Wednesday, February 17, 2010

Working with Precious Metal Clay

This is my process of working with metal clay. I don't go into the detailed step-by-step of how it's done because there are so many great books out there (listed below) that do it so much better than I ever could. The purpose of this post is to share with clients how their jewelry is made.

One of my favorite mediums to work with, Precious Metal Clay, is a clay-like substance that is made of small particles of pure metal (such as silver) mixed with an organic binder and water. Metal clay can be shaped or cut just like any soft clay, by hand or using molds. After the clay dries, it can be fired in a kiln where the binder burns away, leaving the pure metal.
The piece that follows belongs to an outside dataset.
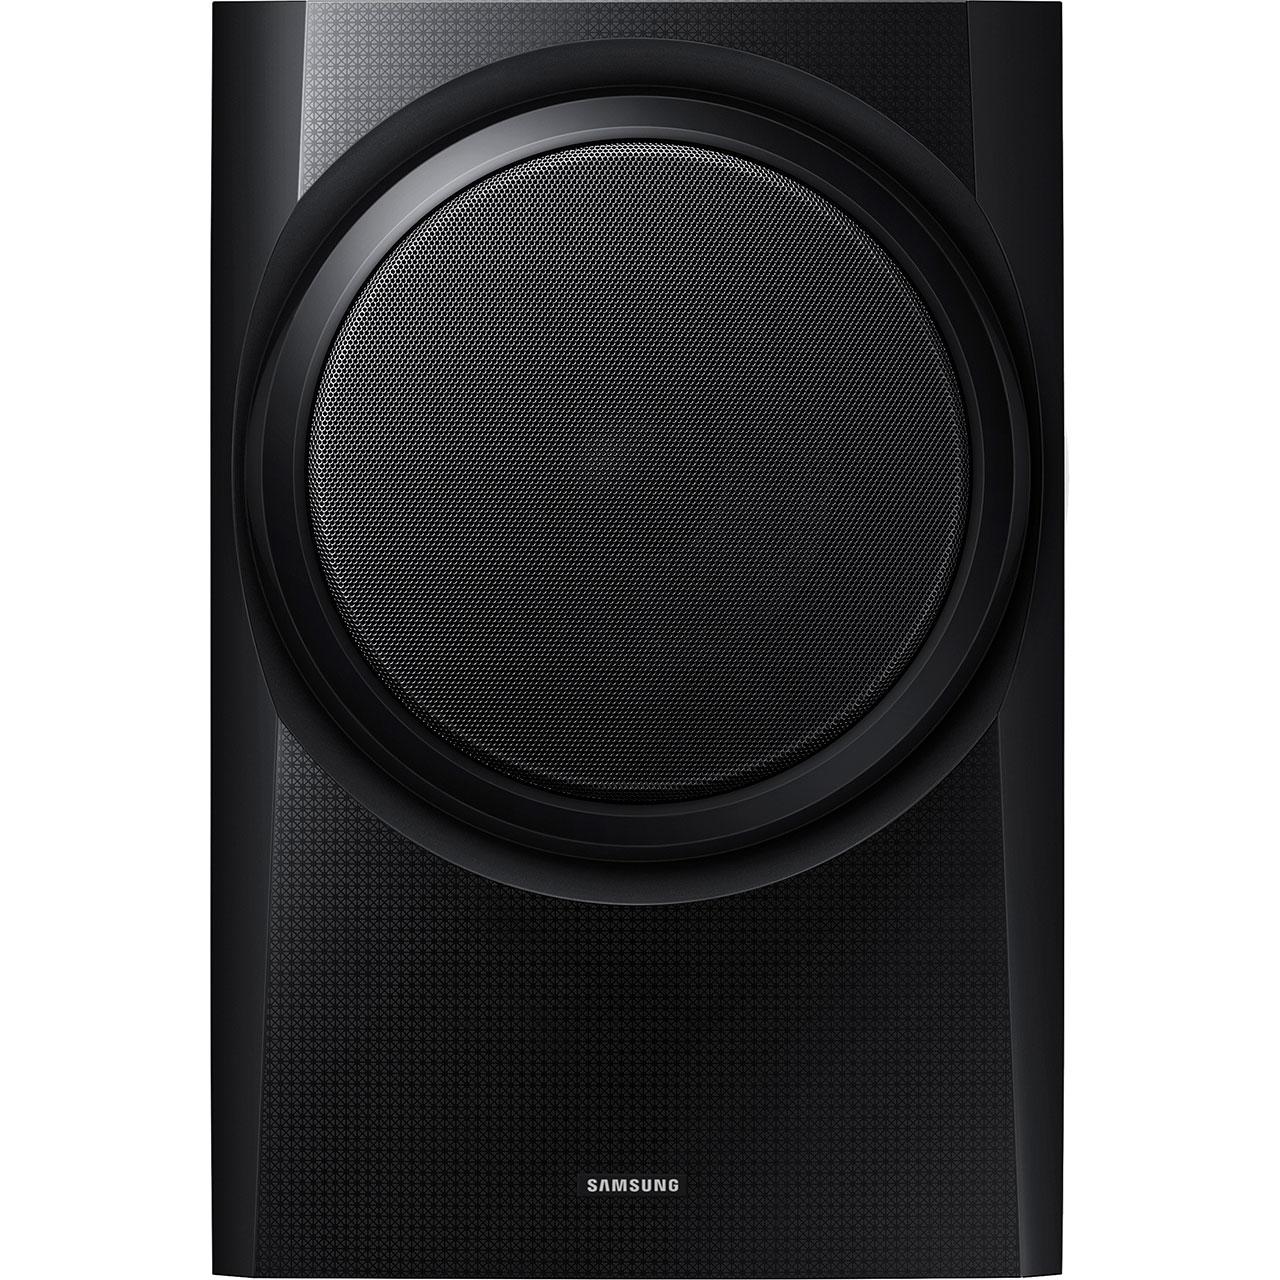 samsung hw k335 130 watt soundbar bluetooth with wired subwoofer black new ebay. Black Bedroom Furniture Sets. Home Design Ideas

When working with Precious Metal Clay, or PMC, I use a large number of tools to mold, cut or shape the clay into the piece I'm trying to create. I've worked with rubber stamps, steel lettering stamps, cookie cutters, PMC molds and impression templates. One of the great features of PMC is that you can use simple household objects as tools. Really, anything that will make an impression in the clay can be used, but avoid aluminum tools as they cause chemical comtamination.

My favorite technique is to make impressions from objects that have special meaning. You may have seen the Antique Flower Impression Necklace where I used an antique silver sugar bowl my grandmother gave me.

(TIP) When I find an object I want to take an impression of, I use Playdough to test if the object will leave the desired impression before attempting it with the clay. For example, I tried many times to take an impression from antique flatware only to discover the markings in the flatware were not deep enough to make an impression in the clay.

Once I am ready to work with the clay, I lay out all the tools I'm going to need on my work space. PMC can dry out on you fairly quickly. (Esp in the the winter when I'm blasting the heater to keep warm) So I want all my tools within reach.

(TIP) I always talk through a 'plan of action' before I begin.

"1. roll out the clay with this rolling pen (touch the pen),

2. cut the clay with this cutter (touch the cutter), etc..."

This mental check list helps me determine if all of my tools are ready. If I'm really feeling obsessive, I will even make a mockup of the pieces I'm about to create with Playdough first.

Once everything is in place, I open the clay and get to work cutting, shaping, molding, whatever the piece calls for.

As you work, the clay becomes dry and leathery. Keep a spray bottle of water close by to remoisten the clay. I keep my scraps in an airtight container with a tiny damp sponge at the bottom.

Once I'm finished, I prefer to allow my pieces to air dry overnight. Some people use hotplates to speed up the process.

Once dry, the clay pieces have the consistency of chalk. If they aren't handled gently, they could easily crack or crumble. At this stage, I use fine grit sandpaper to smooth out the edges and create a smooth surface. (TIP) Fingernail files also work great to gently sand thicker pieces.

Next, the pieces are placed into a kiln where they are fired at a temp of 1100 degrees for 20-30 minutes. The firing process can take several hours as the kiln takes time to warm up to that high temp, maintain that temp for half and hour, then cool back down.

Once the pieces have cooled completely, they still aren't finished. They come out of the firing process hard as metal but with a dull, white, ashy finish. This is because the firing process has caused the surface of the silver to become crystalline which must be smoothed down and polished. A quick 'bath' with soapy water and a stainless steel brush does the trick.

Afterwards, you are left with a pieces that shines like a mirror.

This mirror finish is fine for some pieces, like this simple ring. But to make those impression pieces stand out, I usually oxidize my designs in a solution called Liver of Sulfur (which smells like rotten eggs). This solution causes the silver to artificially tarnish. Simply polish off the tarnish from the areas you don't want it and you're left with the contrasting black on silver.

There you have it!

That's my process of working with metal clay. I know I didn't go into the detailed step-by-step of how it's done, but there are so many great books out there that do it so much better than I ever could. Some of my favorites include:

The Art of Metal Clay by Sherri Haab


Magical Metal Clay Jewelry by Sue Heaser

If you are interested in learning more about working with Precious Metal Clay, I suggest taking a class at your local jewelry supply or bead shop. PMC can be a pricey medium to work with, so make sure you love it before making an investment in the tools.